My Wolverine directly from Oneway www.oneway.ca came with very easy and explicit instruction with respect to installation! You are missing the instructions, it appears!


----------



## gimpy (Dec 9, 2013)

If you only paid $90.00 for it, you didn't get the whole system, you may want to check on what you actually orderd


----------



## ryjonesacct (Dec 9, 2013)

gimpy said:


> If you only paid $90.00 for it, you didn't get the whole system, you may want to check on what you actually orderd



It was two bases with the V arm and the platform here is a link to it on Amazon, but I bought it from my local woodcraft.

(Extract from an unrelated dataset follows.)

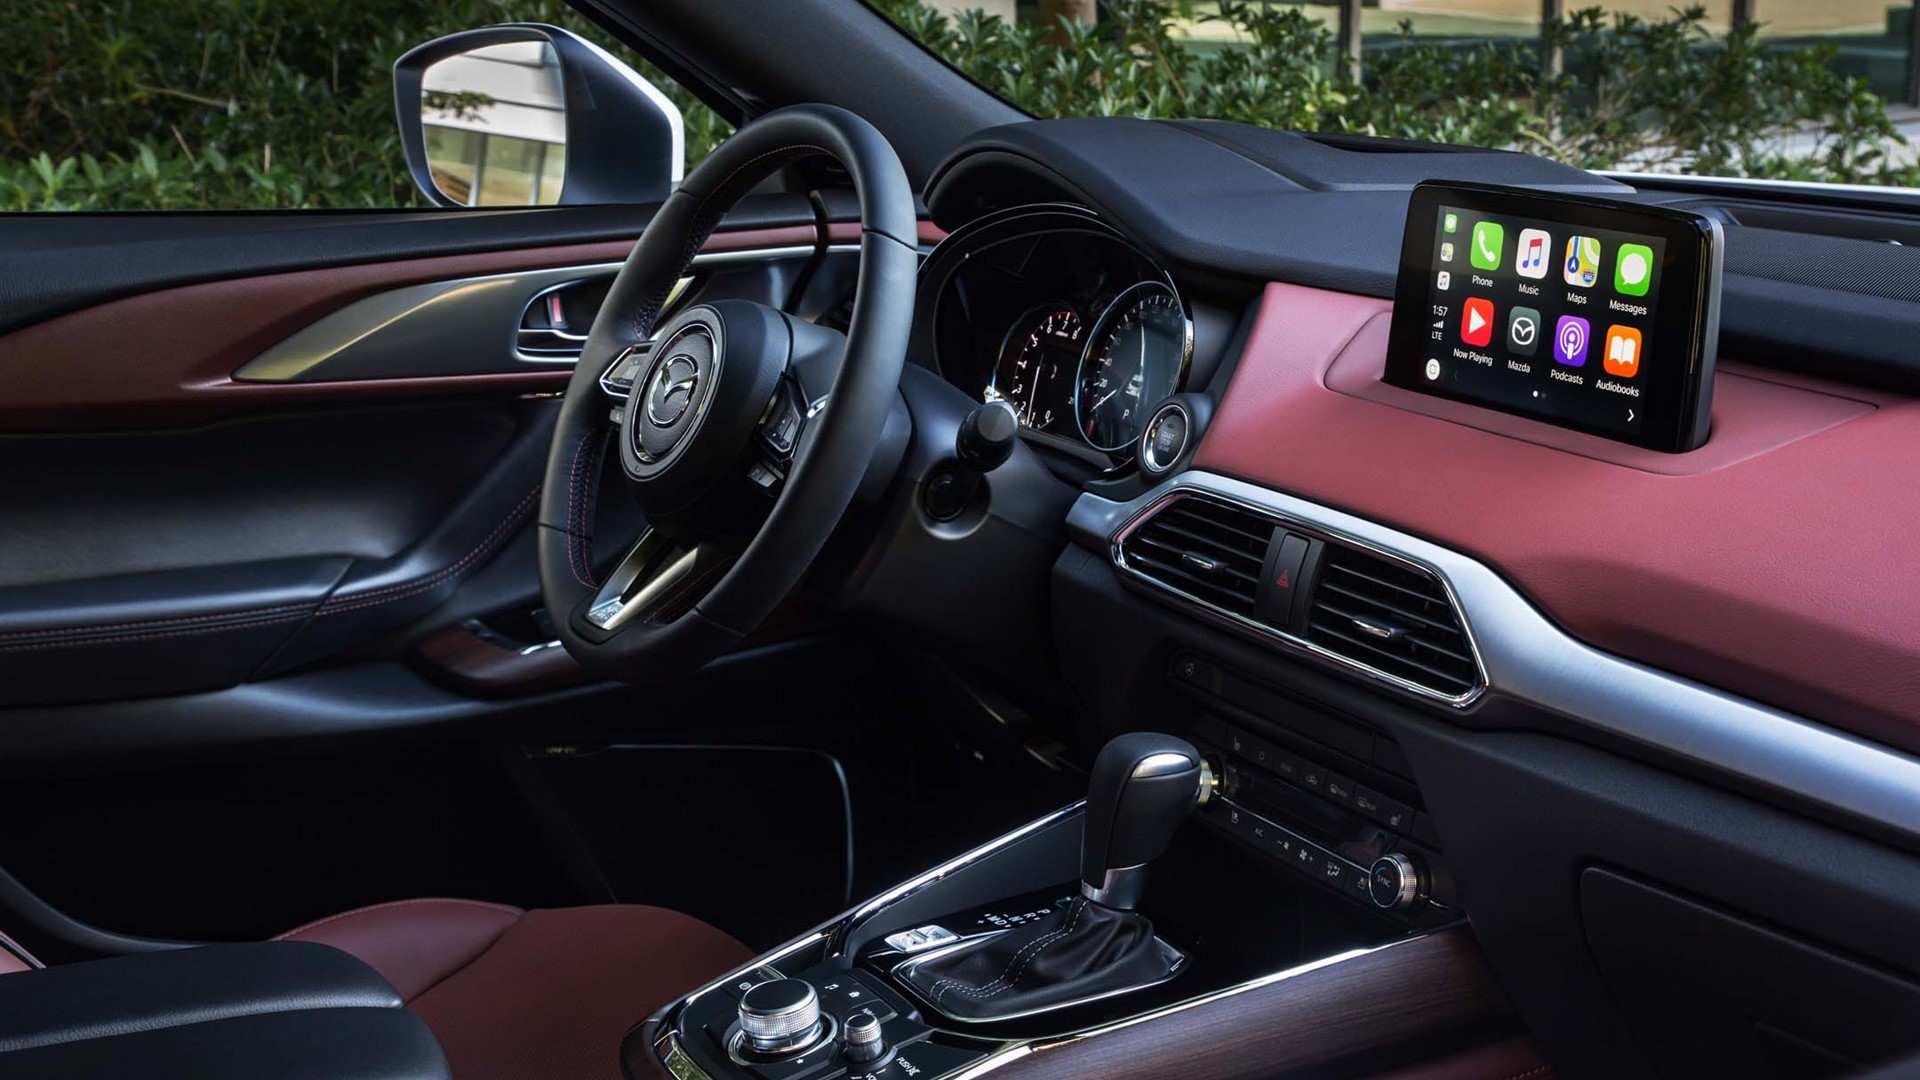 40 Concept of Mazda 2020 Apple Carplay Review for Mazda 2020 Apple Carplay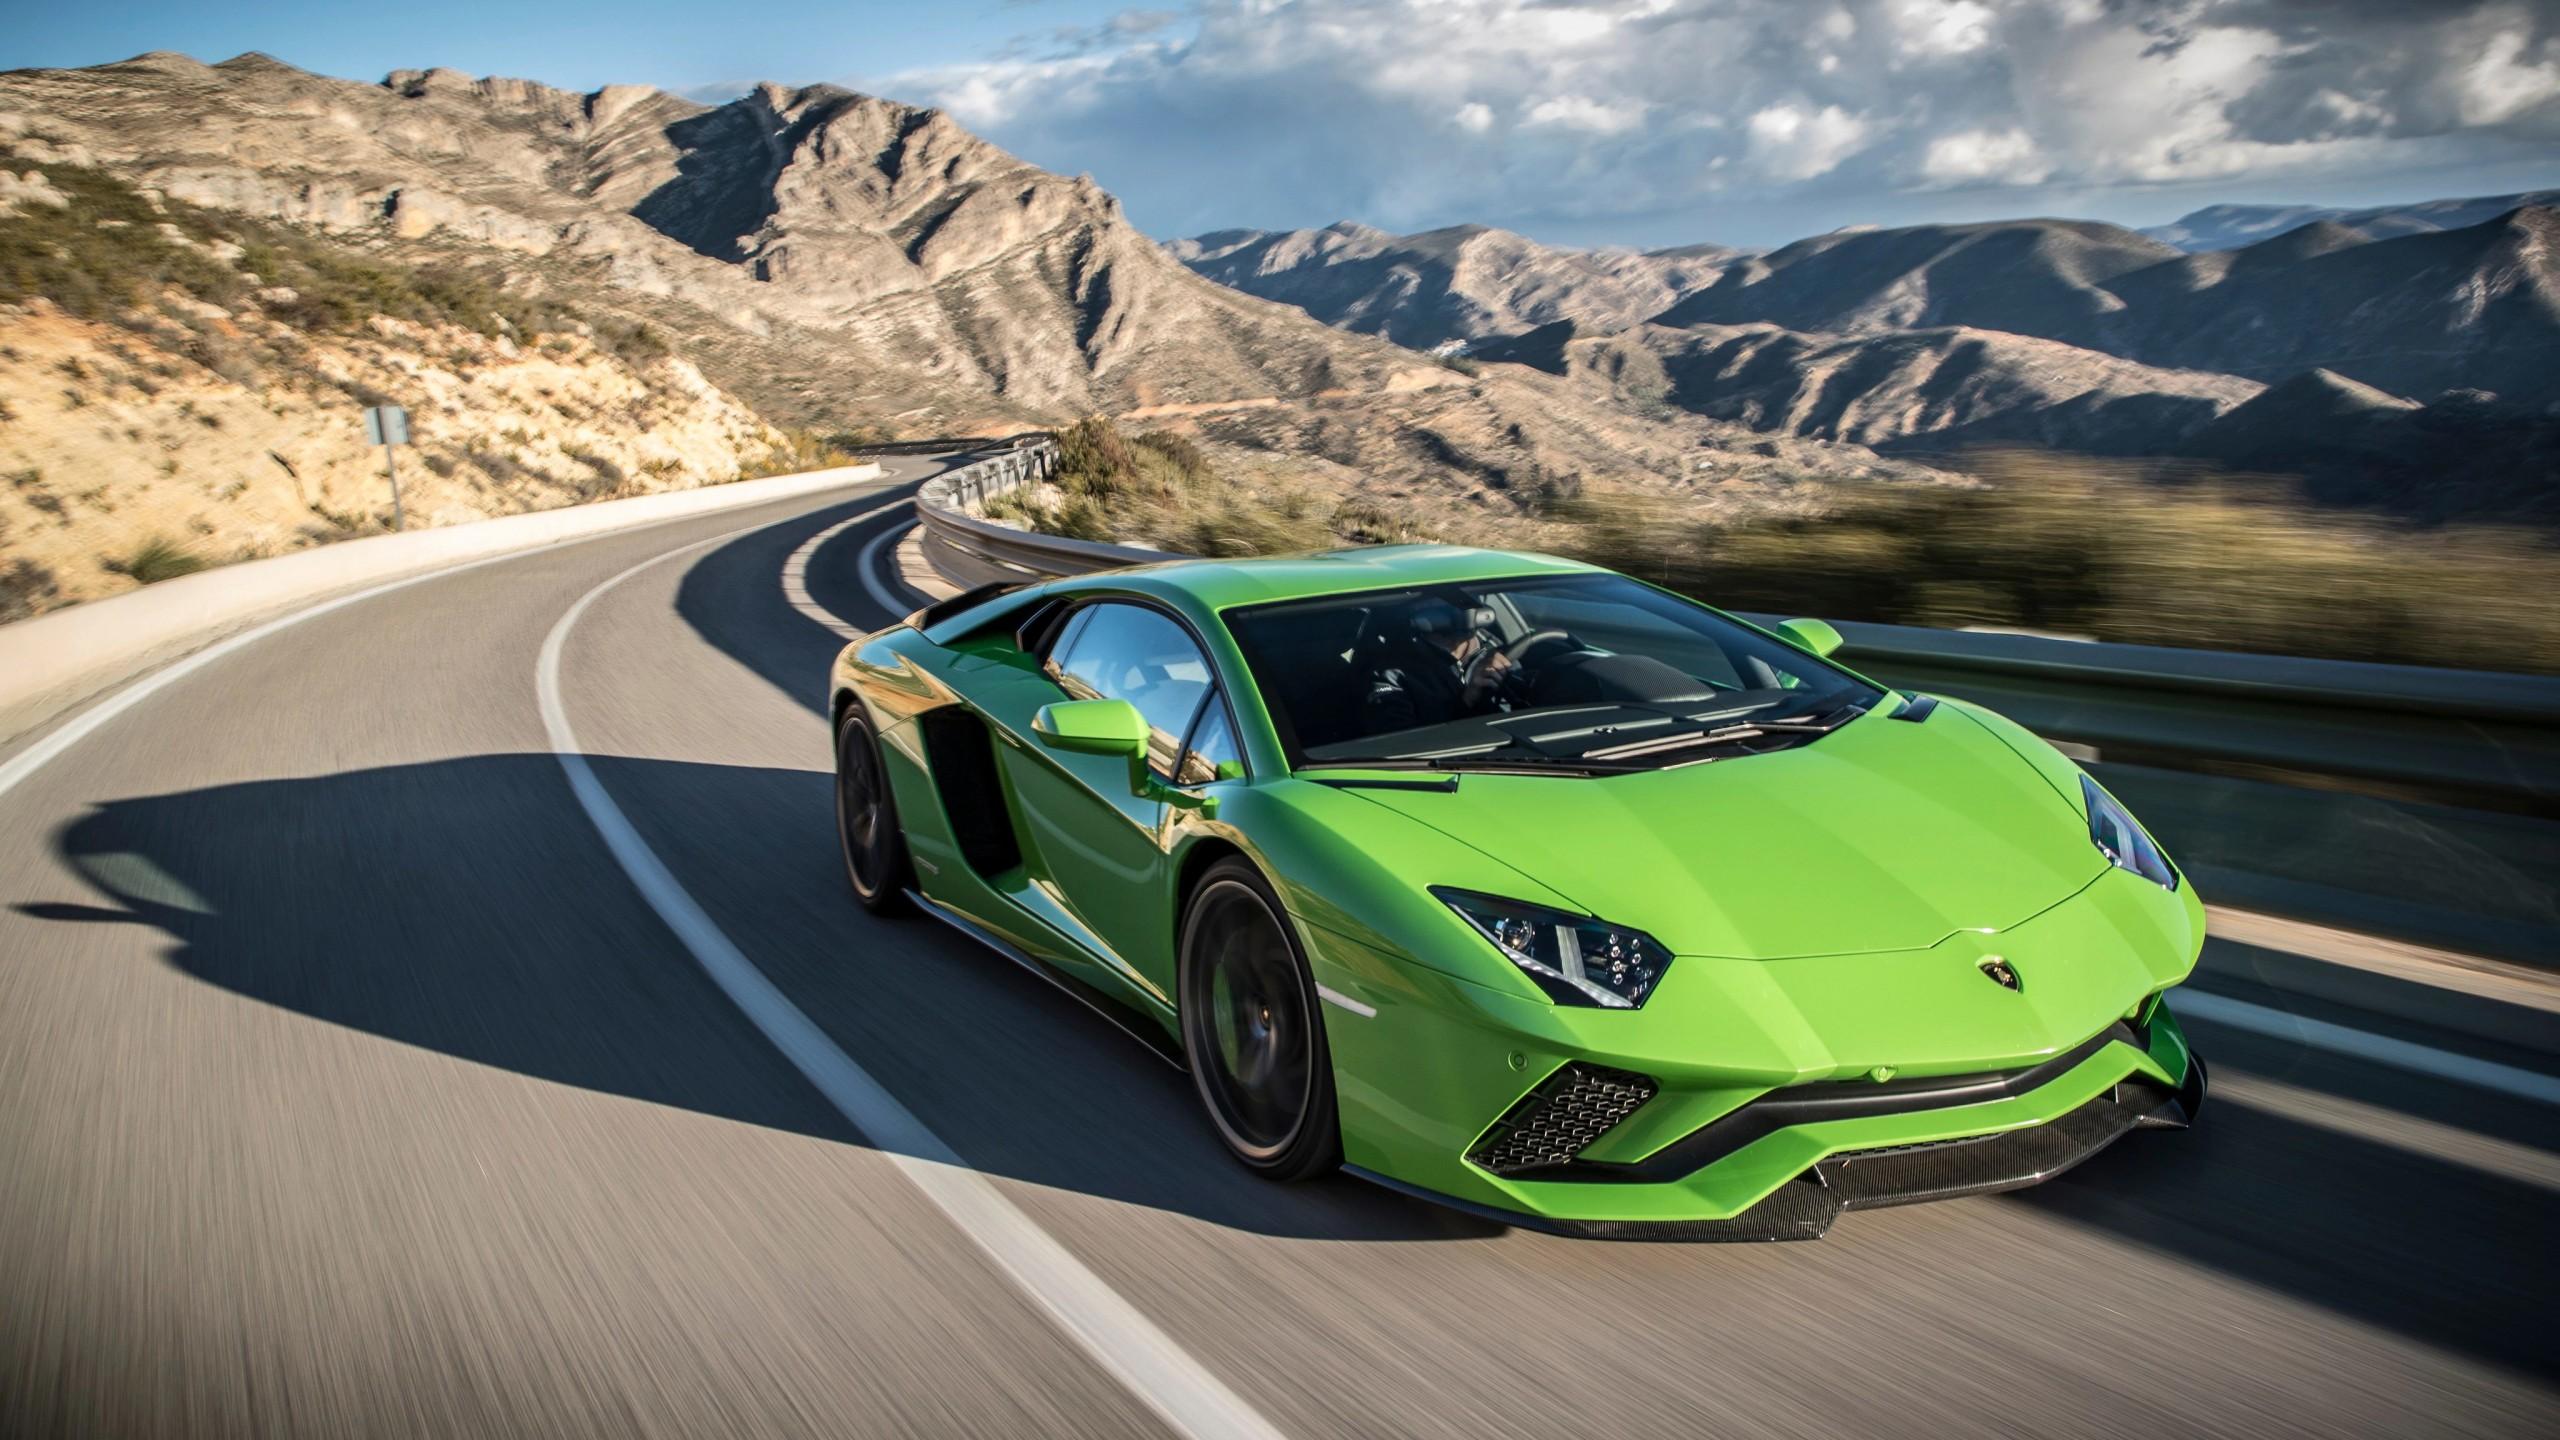 Lamborghini Aventador S 2017 4k Wallpaper Hd Car Wallpapers Id 8342

Oneway Wolverine Grinding Jig - Amazon.com


----------



## turnin4fun (Dec 9, 2013)

Look online, there are a lot of help articles for installing this kit. I installed mine and had no issues then later ordered all of the rest of the accessories. The sheet metal parts are guides, I just threw mine away.

Good luck, you will love the system, it is easy to install once you look at a few articles online.


----------



## MarkD (Dec 9, 2013)

Here are some instructions from the Rockler site:
http://go.rockler.com/tech/RTD10000109AA.pdf


----------



## jeff (Dec 9, 2013)

Here's a little video that might help you out:

[ytmini]31pzViUhJuQ[/ytmini]


----------



## George417 (Dec 9, 2013)

*Good Video*



jeff said:


> Here's a little video that might help you out:
> 
> [ytmini]31pzViUhJuQ[/ytmini]



Very good video, and part 2 is also good


----------



## ossaguy (Dec 9, 2013)

Those are great videos!

The only thing I'd add,is marking the old edge with a magic marker before making the first pass,then checking to see if I'm off a bit on the angle.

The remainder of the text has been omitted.